Deupirfenidone is a next-generation antifibrotic and a deuterated form of pirfenidone, 1 of 3 FDA-approved therapies to treat IPF, with the potential to become a new standard of care to treat IPF. The designation was based on the global phase 2b randomized, double-blind, active- and placebo-controlled, dose-ranging ELEVATE IPF trial (NCT05321420), in which deupirfenidone demonstrated favorable safety and tolerability.

“Critically, only a minority of patients with this progressive and fatal disease have ever been treated with currently approved therapies, largely due to the tradeoff between tolerability challenges and modest efficacy,” Robert Lyne, CEO of PureTech Health, said in a press release.

In the trial, 257 patients were randomized 1:1:1:1 to receive deupirfenidone 550 mg, deupirfenidone 825 mg, pirfenidone 825 mg, or a placebo.
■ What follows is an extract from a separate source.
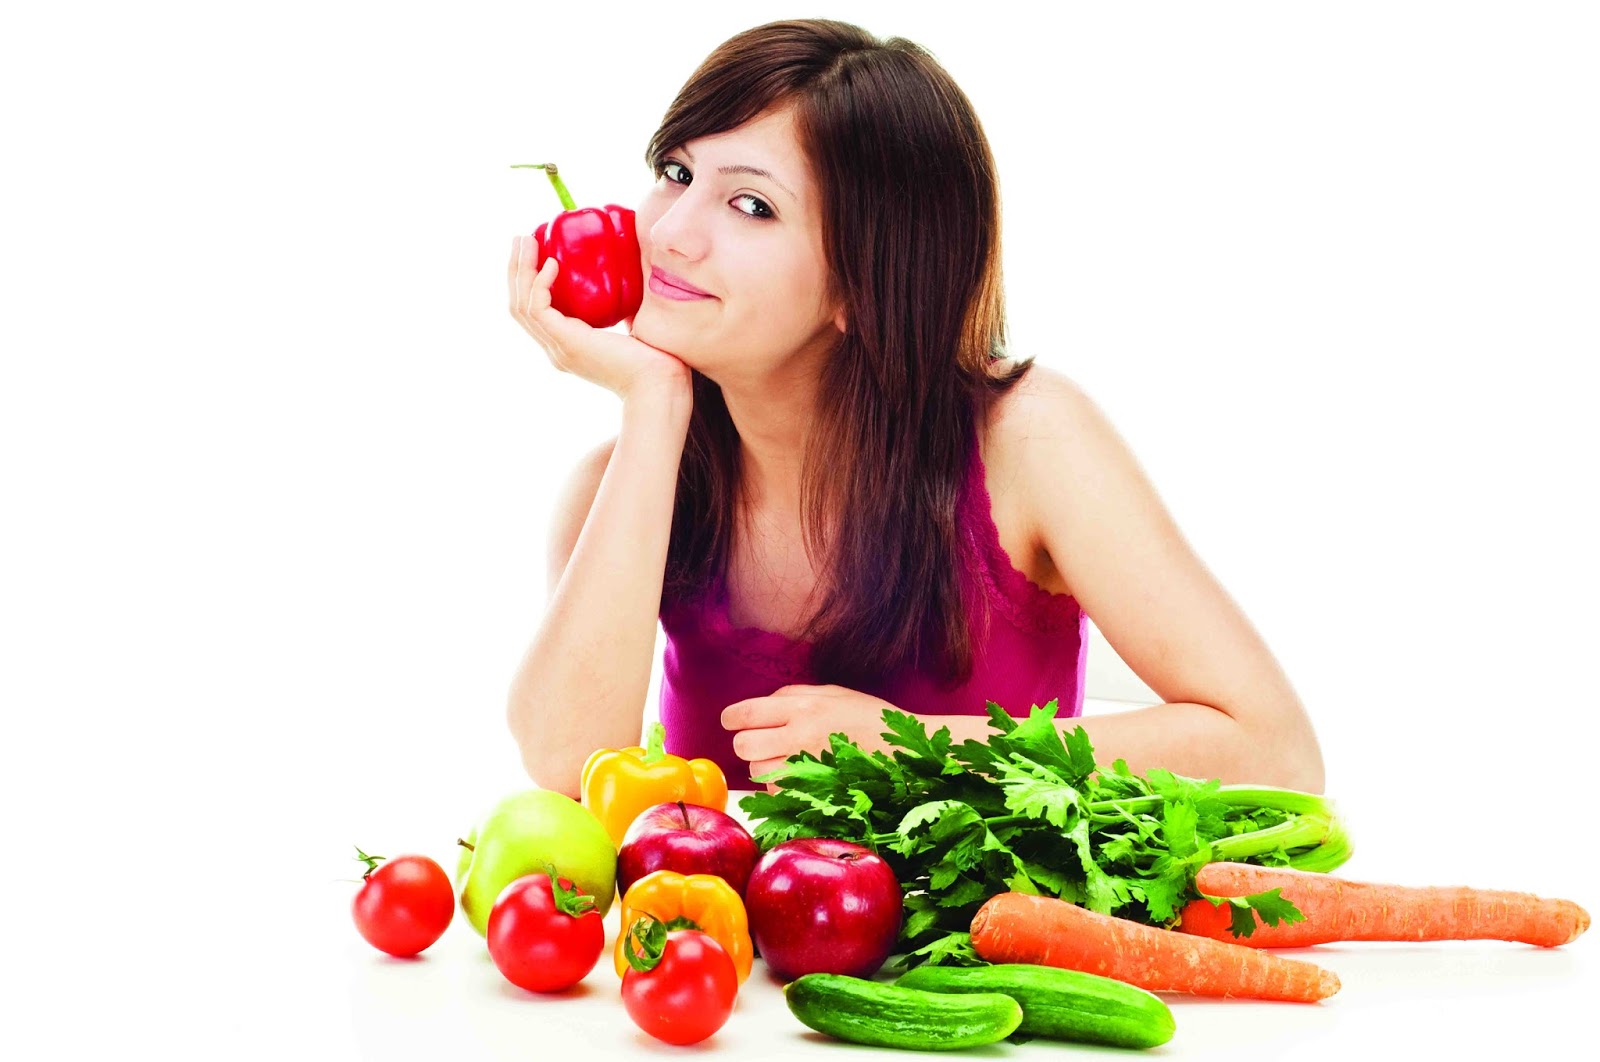 Chế độ ăn nhiều rau, quả giúp làn da bạn luôn trẻ trung, mịn màng

Those who received 825 mg of pirfenidone 3 times a day experienced a slower rate of lung function decline at 26 weeks compared with patients who received 801 mg of pirfenidone or a placebo (change in absolute forced vital capacity [FVC], –21.5 mL vs –51.6 mL vs –112.5 mL, respectively).¹

After the blinded portion of the trial, approximately 90% of patients enrolled in the open-label extension (OLE). Patients who continued treatment with 825 mg of deupirfenidone experienced an overall FVC decline of –32.8 mL over a 52-week period.

Completion rates in the OLE were also high. At 52 weeks, 88.1% of patients in the deupirfenidone 825-mg arm and 87.2% in the 550-mg arm remained on therapy, indicating favorable tolerability and continued engagement with treatment.³

“We believe deupirfenidone represents a potentially transformative option for this underserved population and is a compelling example of how PureTech's model can advance differentiated medicines toward meaningful patient impact,” Lyne said.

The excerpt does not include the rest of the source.